↓↓↓

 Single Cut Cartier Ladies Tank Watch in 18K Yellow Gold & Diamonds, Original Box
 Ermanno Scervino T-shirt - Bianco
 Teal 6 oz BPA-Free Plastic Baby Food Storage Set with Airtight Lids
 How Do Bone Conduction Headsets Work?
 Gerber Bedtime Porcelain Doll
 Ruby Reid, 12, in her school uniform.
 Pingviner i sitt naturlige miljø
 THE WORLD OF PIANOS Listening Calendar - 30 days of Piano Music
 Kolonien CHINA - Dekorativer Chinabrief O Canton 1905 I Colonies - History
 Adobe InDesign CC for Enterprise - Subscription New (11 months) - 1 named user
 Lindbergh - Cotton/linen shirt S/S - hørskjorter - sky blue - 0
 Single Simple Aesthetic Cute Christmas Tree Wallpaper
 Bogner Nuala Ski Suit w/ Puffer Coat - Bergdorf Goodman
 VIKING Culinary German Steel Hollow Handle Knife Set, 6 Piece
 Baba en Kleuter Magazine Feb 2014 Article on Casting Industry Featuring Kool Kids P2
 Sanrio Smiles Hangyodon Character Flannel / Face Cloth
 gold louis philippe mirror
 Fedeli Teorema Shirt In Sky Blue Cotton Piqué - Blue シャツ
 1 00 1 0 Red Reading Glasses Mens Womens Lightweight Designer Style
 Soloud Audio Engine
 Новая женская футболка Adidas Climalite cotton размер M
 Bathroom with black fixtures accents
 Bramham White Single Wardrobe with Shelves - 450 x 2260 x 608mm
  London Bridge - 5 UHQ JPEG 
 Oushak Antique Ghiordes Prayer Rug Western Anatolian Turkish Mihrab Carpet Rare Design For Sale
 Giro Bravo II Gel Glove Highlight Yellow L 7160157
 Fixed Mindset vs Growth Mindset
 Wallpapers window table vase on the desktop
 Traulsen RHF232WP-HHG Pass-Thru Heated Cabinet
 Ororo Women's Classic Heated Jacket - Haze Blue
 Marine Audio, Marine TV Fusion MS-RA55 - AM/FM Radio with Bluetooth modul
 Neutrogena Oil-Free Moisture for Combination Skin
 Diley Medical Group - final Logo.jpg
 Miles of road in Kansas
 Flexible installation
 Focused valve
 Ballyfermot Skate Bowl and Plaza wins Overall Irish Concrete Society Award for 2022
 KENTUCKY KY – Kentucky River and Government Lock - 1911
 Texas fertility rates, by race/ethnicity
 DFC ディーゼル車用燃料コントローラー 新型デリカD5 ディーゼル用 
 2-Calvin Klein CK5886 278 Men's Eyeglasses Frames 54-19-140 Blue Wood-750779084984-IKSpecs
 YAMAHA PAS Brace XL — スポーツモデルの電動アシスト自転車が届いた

↑↑↑

Description of the task:
Take the lines above from the one containing "Bogner Nuala Ski" to the one containing "Giro Bravo II" and retype them exactly, both ends included, with nothing added.

Response to this exercise:
 Bogner Nuala Ski Suit w/ Puffer Coat - Bergdorf Goodman
 VIKING Culinary German Steel Hollow Handle Knife Set, 6 Piece
 Baba en Kleuter Magazine Feb 2014 Article on Casting Industry Featuring Kool Kids P2
 Sanrio Smiles Hangyodon Character Flannel / Face Cloth
 gold louis philippe mirror
 Fedeli Teorema Shirt In Sky Blue Cotton Piqué - Blue シャツ
 1 00 1 0 Red Reading Glasses Mens Womens Lightweight Designer Style
 Soloud Audio Engine
 Новая женская футболка Adidas Climalite cotton размер M
 Bathroom with black fixtures accents
 Bramham White Single Wardrobe with Shelves - 450 x 2260 x 608mm
  London Bridge - 5 UHQ JPEG 
 Oushak Antique Ghiordes Prayer Rug Western Anatolian Turkish Mihrab Carpet Rare Design For Sale
 Giro Bravo II Gel Glove Highlight Yellow L 7160157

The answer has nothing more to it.